De inzet van de gespecialiseerde verpleegkundigen bij patiënten met chronische nierschade leidt tot betere behandeling van bloeddruk en cholesterol. Dat blijkt uit onderzoek van Arjan van Zuilen waarop hij 27 oktober promoveert.
Van Zuilen concludeert dat gespecialiseerde verpleegkundigen de rol van de arts bij de begeleiding van deze patiënten kunnen overnemen. Hij onderzocht bij 800 patiënten met chronische nierschade of het toevoegen van een gespecialiseerde verpleegkundige aan de behandeling leidde tot een betere controle van cardiovasculaire risicofactoren en een afname van hart- en vaatziekten. De verpleegkundige hielp bestaande richtlijnen te implementeren.
Lagere bloeddruk
Na twee jaar blijkt dat de patiënten die extra begeleid worden door een verpleegkundige (interventiegroep) een lagere bloeddruk hebben en een lager LDL-cholesterol dan de controlegroep. Ook gebruiken de patiënten in de interventiegroep meer bloeddrukverlagende en cholesterolverlagende medicijnen en vaker aspirine en actief vitamine D.
Hart- en vaatziekten
Ook na vijf jaar is de bloeddruk van de patiënten die extra begeleid worden door een verpleegkundige nog steeds lager dan van patiënten die alleen behandeld worden door de eigen specialist. Verder scoren de patiënten die extra begeleid worden ook beter wat betreft cholesterol, proteïnurie en bloedarmoede. De interventie leidt niet tot een minder voorkomen van hart- en vaatziekten.
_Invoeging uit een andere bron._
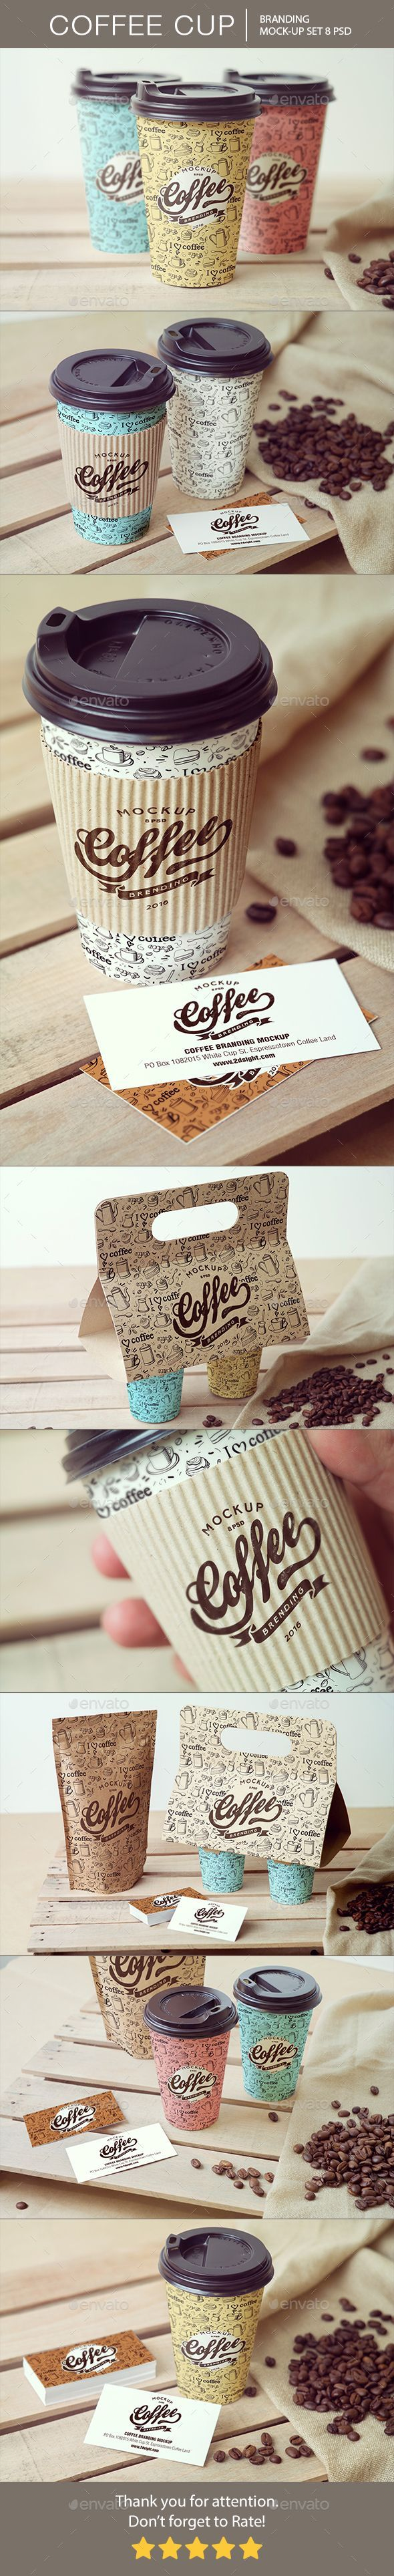 Pin by Chirag Rawat on tnj ideas Coffee shop logo

Ook is het aantal patiënten met terminaal nierfalen vergelijkbaar in beide groepen.
Leefstijl
De extra begeleiding door een verpleegkundige leidde niet tot een verbetering van leefstijl van de patiënt. Van Zuilen denkt dat dit komt omdat patiënten met chronische nierschade zich niet ziek voelen en daarom niet heel erg gemotiveerd zijn om hun gedrag aan te passen. Het zou ook kunnen komen omdat de verpleegkundigen te veel behandeldoelen moesten bespreken, soms ook met tegenstrijdige effecten. Zo is het lastig om zowel te stoppen met roken als om af te vallen.
Begeleiding
De gedachte achter de studie is dat de arts in zijn dagelijkse praktijk onvoldoende tijd heeft om de veelheid aan behandeldoelen adequaat met een patiënt te bespreken. Een gespecialiseerde verpleegkundige zou om meerdere redenen van toegevoegde waarde kunnen zijn. Op basis van de onderzoeksresultaten wordt geconcludeerd dat dit inderdaad het geval is, mits de verpleegkundige direct begeleidt wordt door een specialist.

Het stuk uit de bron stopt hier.